Purpose

Archaeo is a Ruby client for the Internet Archive’s Wayback Machine APIs.

It provides a model-driven interface for querying archived snapshots, checking availability, saving URLs, and fetching archived content.

Installation

gem install archaeo

Or add to your Gemfile:

gem "archaeo"

Quick Start

require "archaeo"

Query Snapshots (CDX API)

cdx = Archaeo::CdxApi.new

# Enumerate all snapshots
cdx.snapshots("example.com").each do |snapshot|
  puts snapshot.timestamp
  puts snapshot.original_url
  puts snapshot.archive_url
end

# Find specific snapshots
oldest = cdx.oldest("example.com")
newest = cdx.newest("example.com")
near   = cdx.near("example.com", timestamp: "20220101")

# Filter by time
before = cdx.before("example.com", timestamp: "20220101")
after  = cdx.after("example.com", timestamp: "20220101")

Check Availability

api = Archaeo::AvailabilityApi.new

result = api.near("example.com")
result.available?   # => true/false
result.archive_url  # => "https://web.archive.org/web/..."
result.timestamp    # => Archaeo::Timestamp

api.available?("example.com")  # => true/false

Save a URL (SavePageNow)

save = Archaeo::SaveApi.new
result = save.save("https://example.com/")
result.archive_url  # => "https://web.archive.org/web/..."
result.timestamp    # => Archaeo::Timestamp
result.cached?      # => true if already archived

Fetch Archived Content

fetcher = Archaeo::Fetcher.new
page = fetcher.fetch("https://example.com/",
                     timestamp: "20220615000000")

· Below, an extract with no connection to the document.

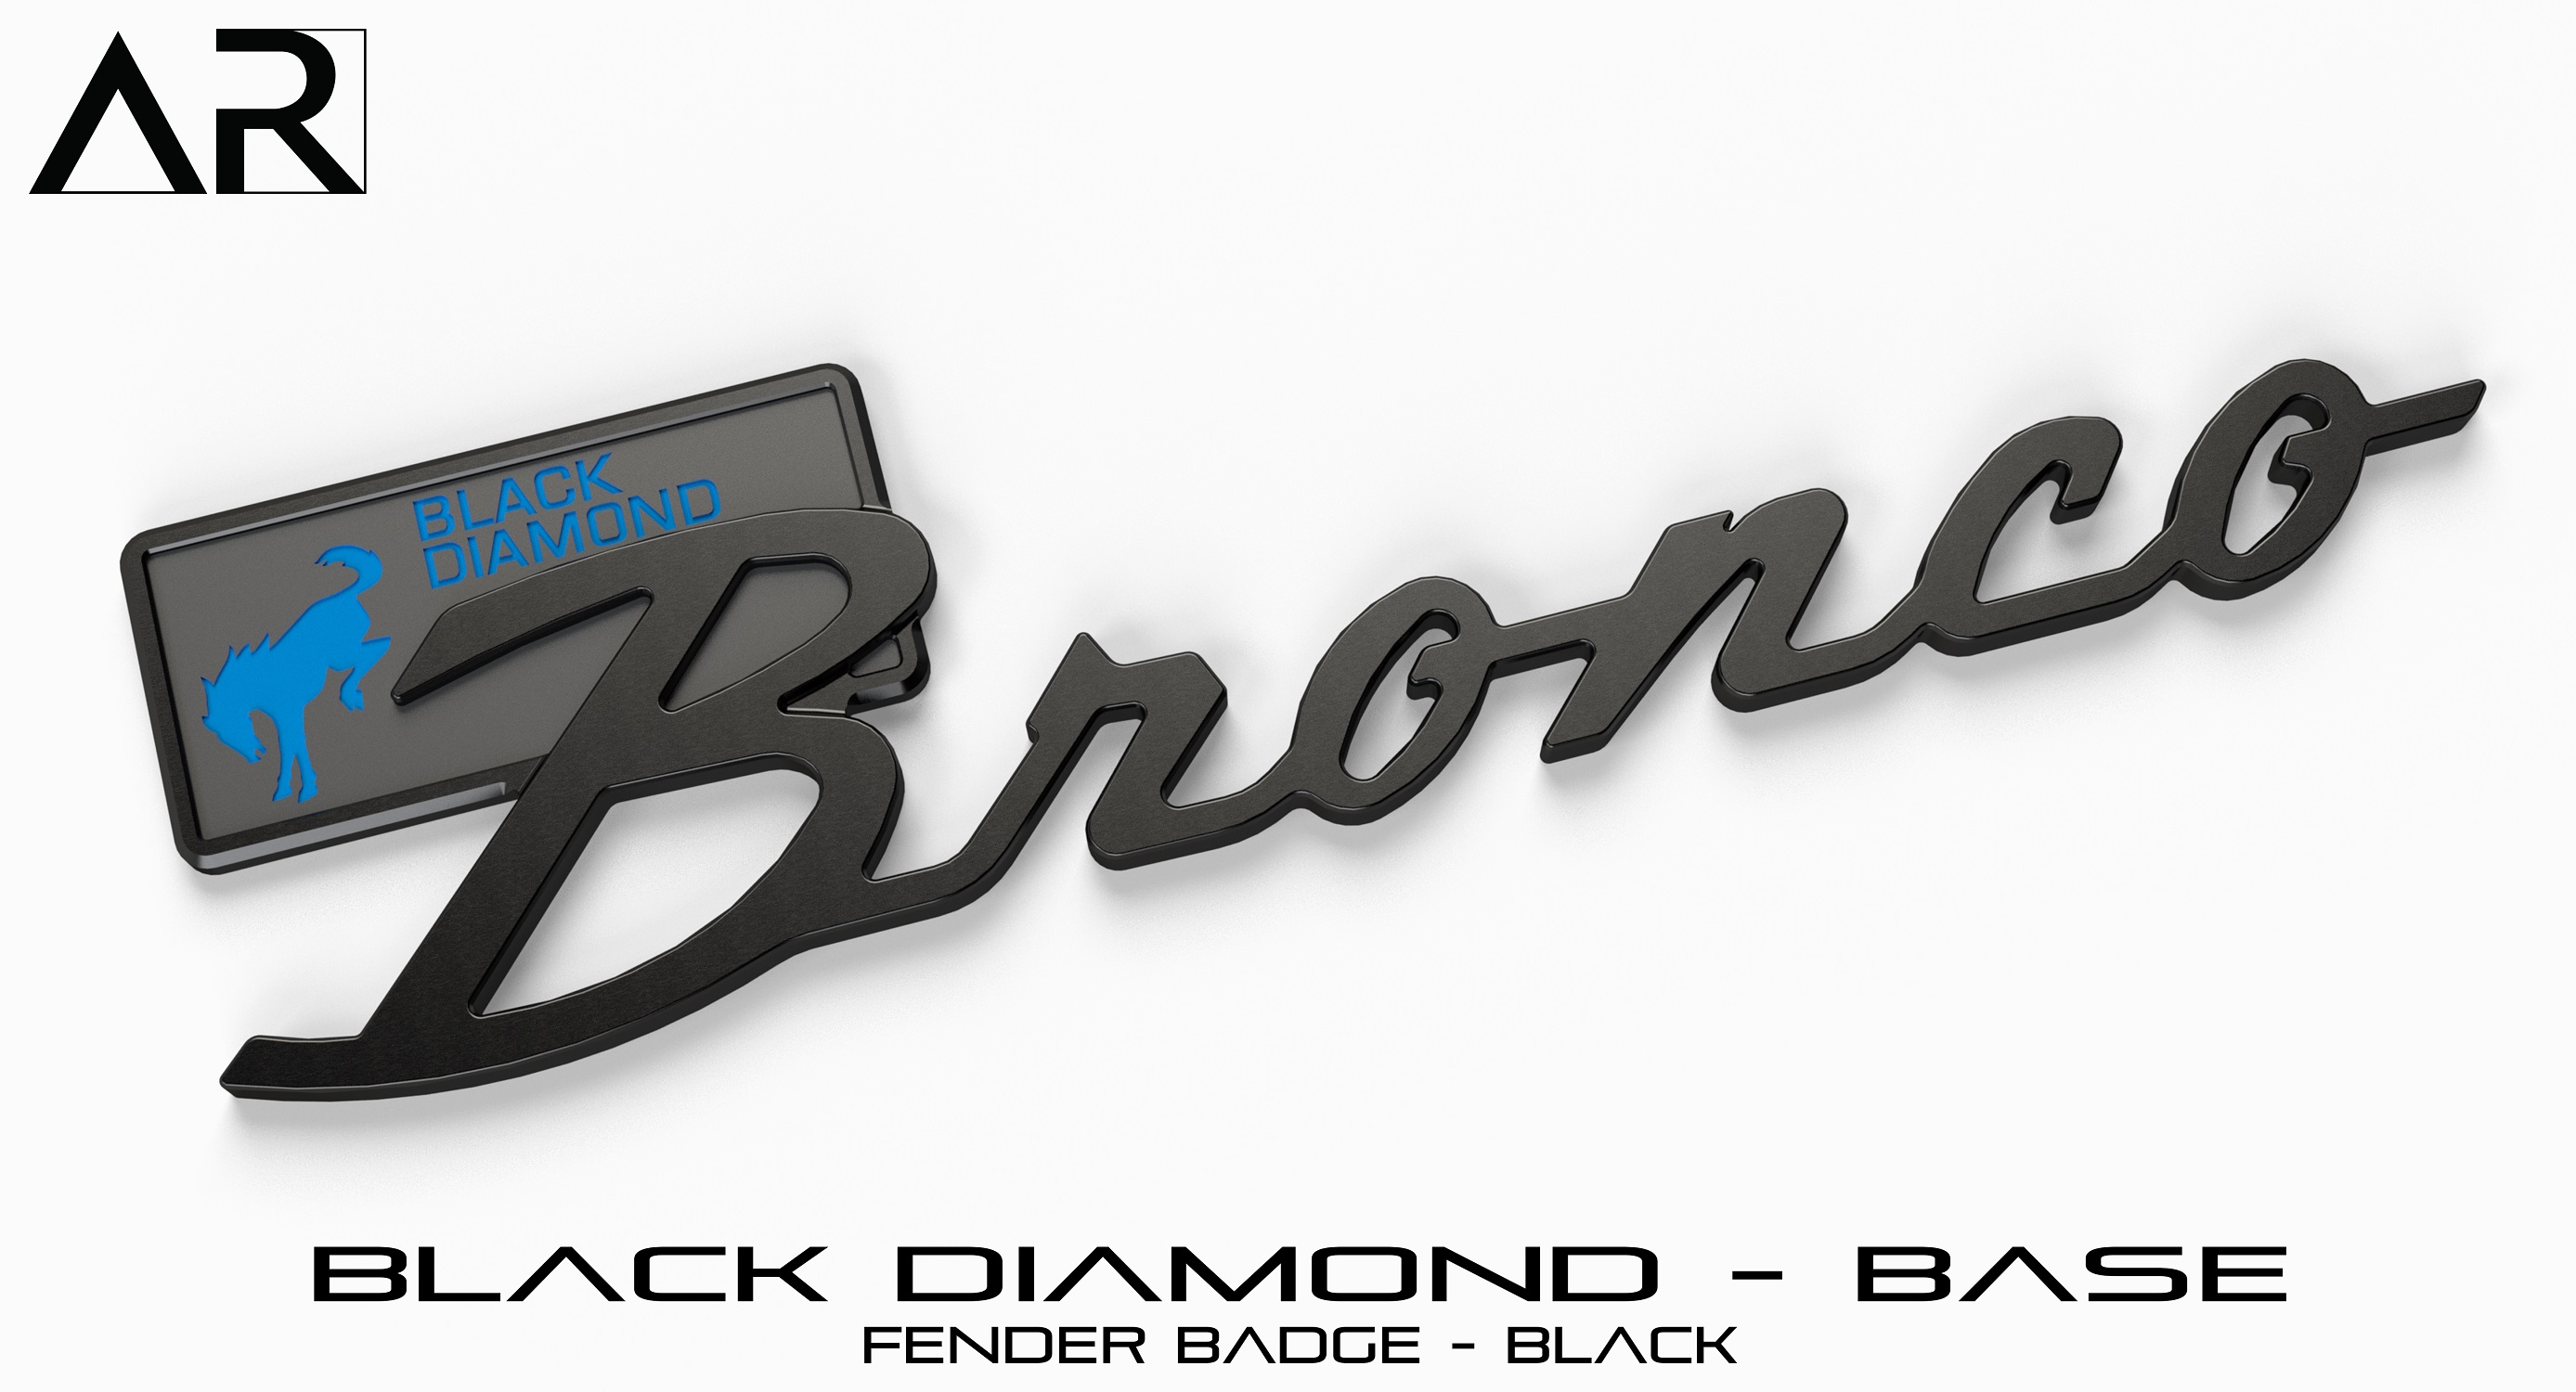 Ford Bronco AR | BRONCO CLASSIC DNA Fender Badge 1601008_B  - Fender Badge  - Black Diamond Base - Black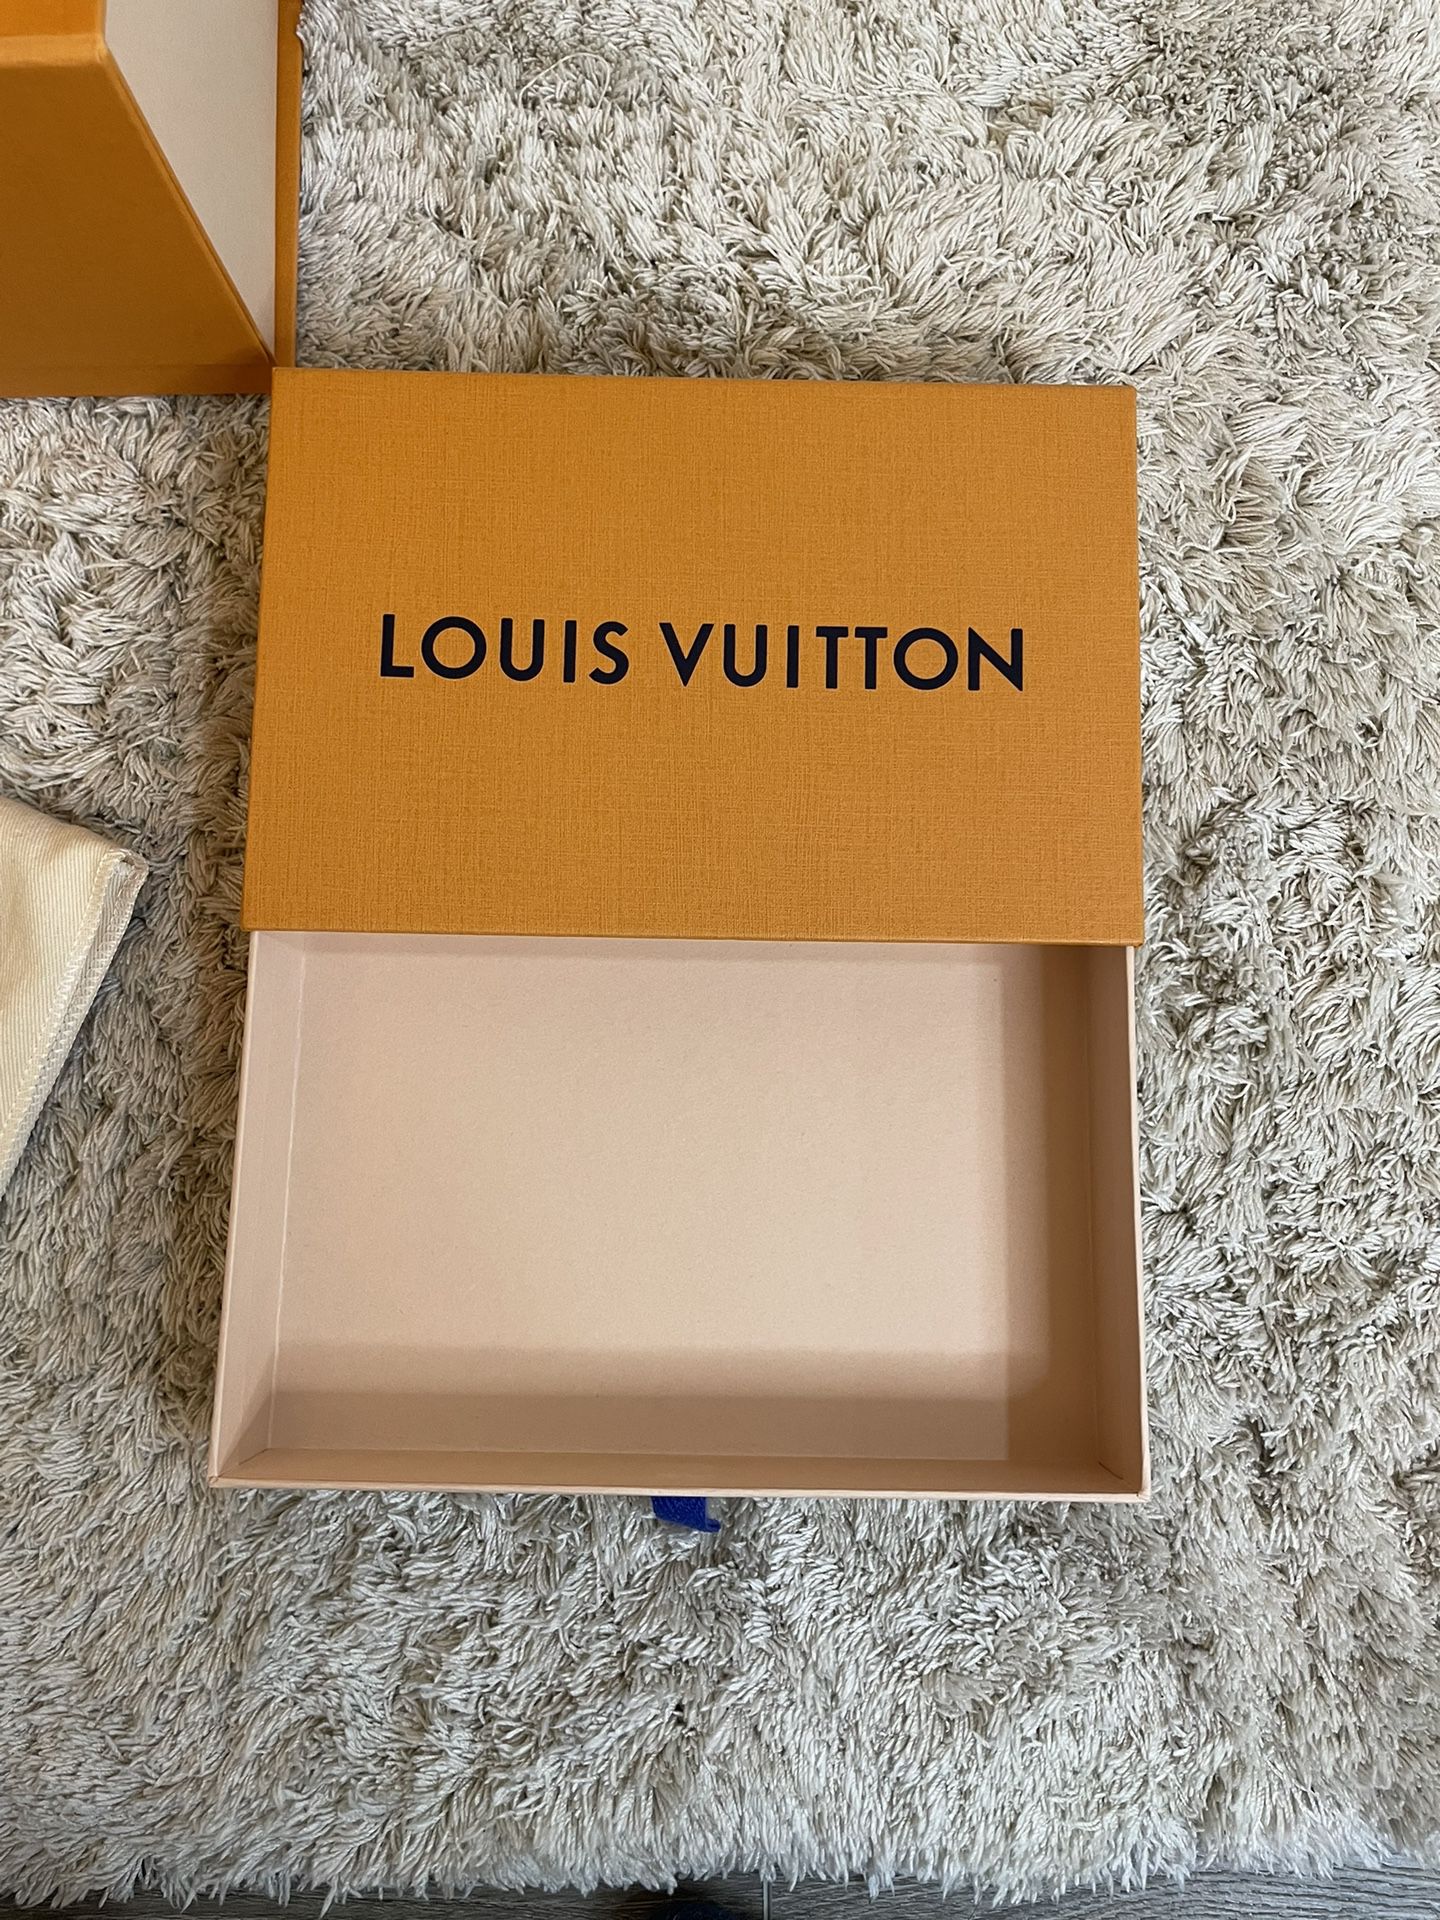 Louis Vuitton Wallet Size Box for Sale in San Jose, CA - OfferUp

page.content        # => "<html>...</html>"
page.content_type   # => "text/html"
page.status_code    # => 200
page.archive_url    # => full archive URL

# Raw (identity) mode -- no Wayback Machine rewriting
page = fetcher.fetch("https://example.com/",
                     timestamp: "20220615000000",
                     identity: true)

Timestamps

# Create from components
ts = Archaeo::Timestamp.new(year: 2022, month: 6, day: 15)

# Parse from Wayback format
ts = Archaeo::Timestamp.parse("20220615120000")

# From Time object
ts = Archaeo::Timestamp.from_time(Time.now)

# Current time
ts = Archaeo::Timestamp.now

# Format as 14-digit string
ts.to_s  # => "20220615000000"

# Comparison
ts1 < ts2   # => true/false

Command-Line Interface

# List snapshots
archaeo snapshots example.com

# Find closest snapshot
archaeo near example.com 20220101

# Check availability
archaeo available example.com

# Save a URL
archaeo save https://example.com/

# Fetch archived content
archaeo fetch https://example.com/ 20220615120000

# Fetch raw (identity) content
archaeo fetch --identity https://example.com/ 20220615120000

Architecture

Archaeo follows a model-driven, OOP design:

Layer Classes Purpose

Models

Timestamp, ArchiveUrl, Snapshot, Page, SaveResult, AvailabilityResult

Domain value objects

APIs

CdxApi, AvailabilityApi, SaveApi

Query and mutate the archive

Operations

Fetcher

Download archived content

Infrastructure

HttpClient

HTTP transport with retries and gzip

All API classes accept an HttpClient via dependency injection for testability.

Development

bundle install
bundle exec rspec
bundle exec rubocop

Contributing

Bug reports and pull requests are welcome on GitHub at https://github.com/riboseinc/archaeo.

License

MIT License. See LICENSE for details.